Walter Otto Hugo Karl Amtrup (15 March 1904 – 7 August 1974)  was a German actor, film dubber, opera singer (bass), and acting teacher.

Early life and education
Walter Amtrup was born in Altona, Hamburg as the son of a state court judge.

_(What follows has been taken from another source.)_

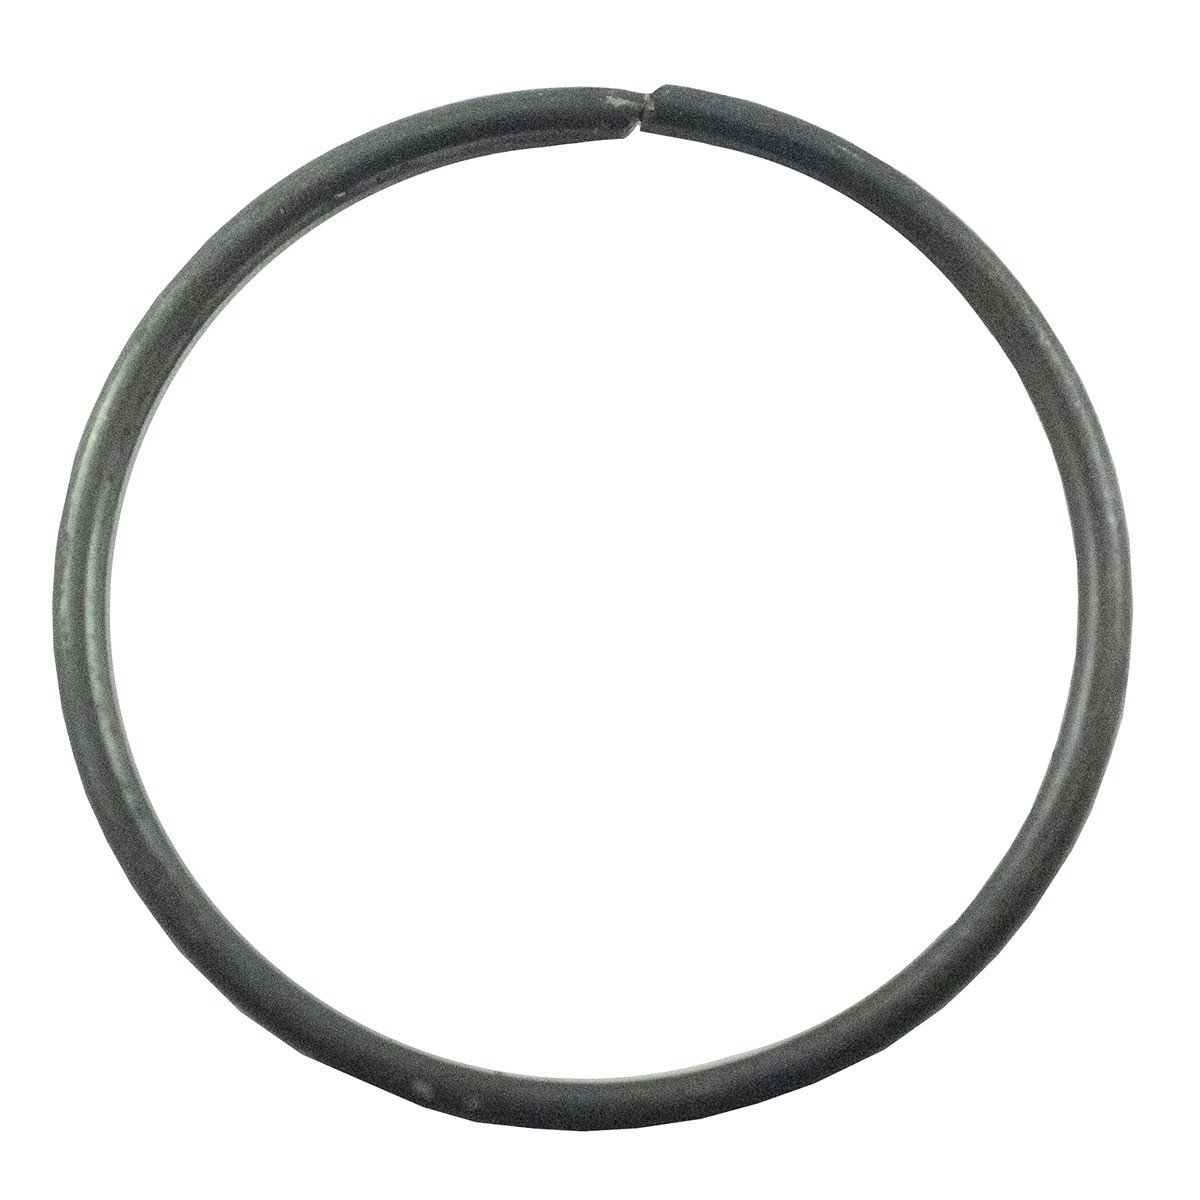 Snap ring Ø 31 mm, drive system VST MT180 / MT224 / MT270, 10070553001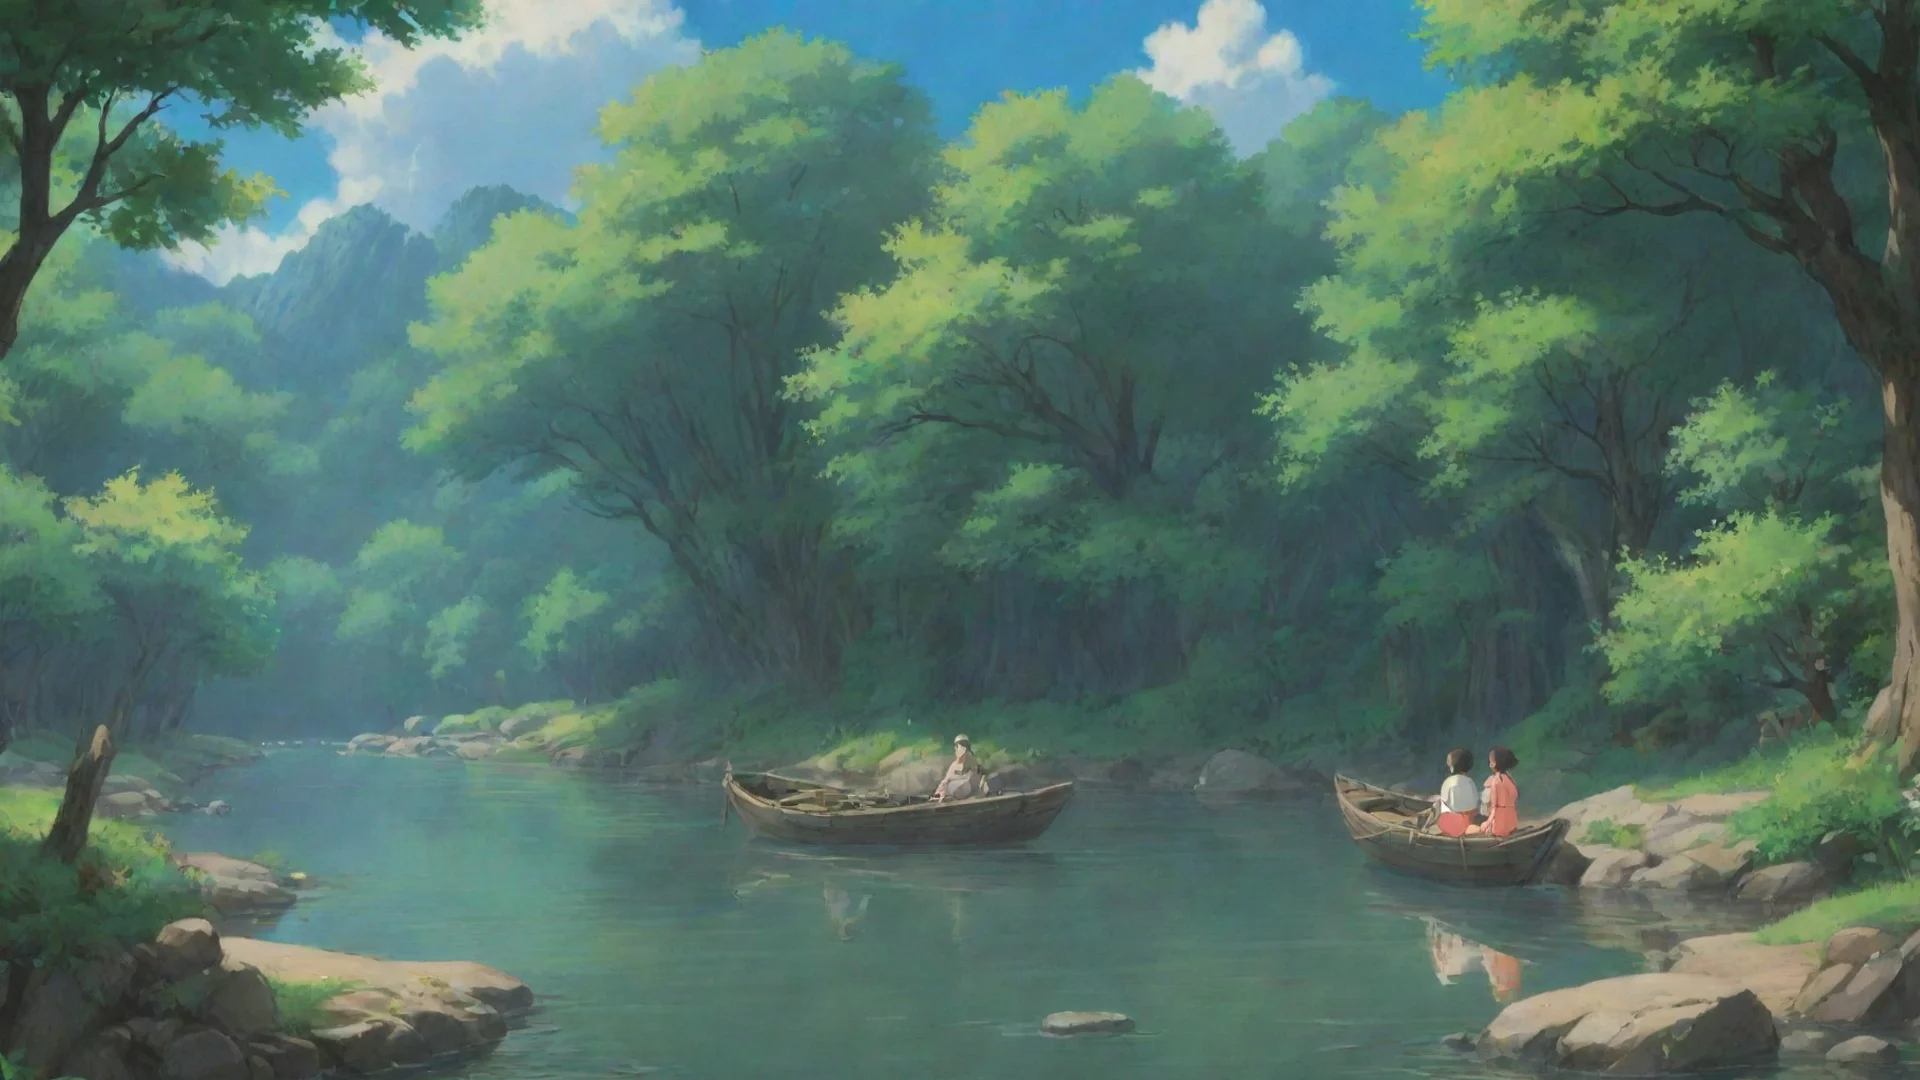 amazing peaceful serene anime ghibli scene relax awesome portrait 2 wide

He was student of the gymnasium in Lüneburg and, after achieving his Abitur, visited the Berlin University of the Arts from 1925 until 1931, where he was educated as an opera singer and a stage actor.

Opera and acting career
Amtrup made his professional opera debut in 1932 at the Landestheater Altenburg. This was followed by many appearances in Meißen, Neisse, Wilhelmshaven, Hanau, Bunzlau, at the Staatstheater Schwerin (state theater of Mecklenburg) and until the end of the Second World War at the municipal Städtische Bühnen in Chemnitz.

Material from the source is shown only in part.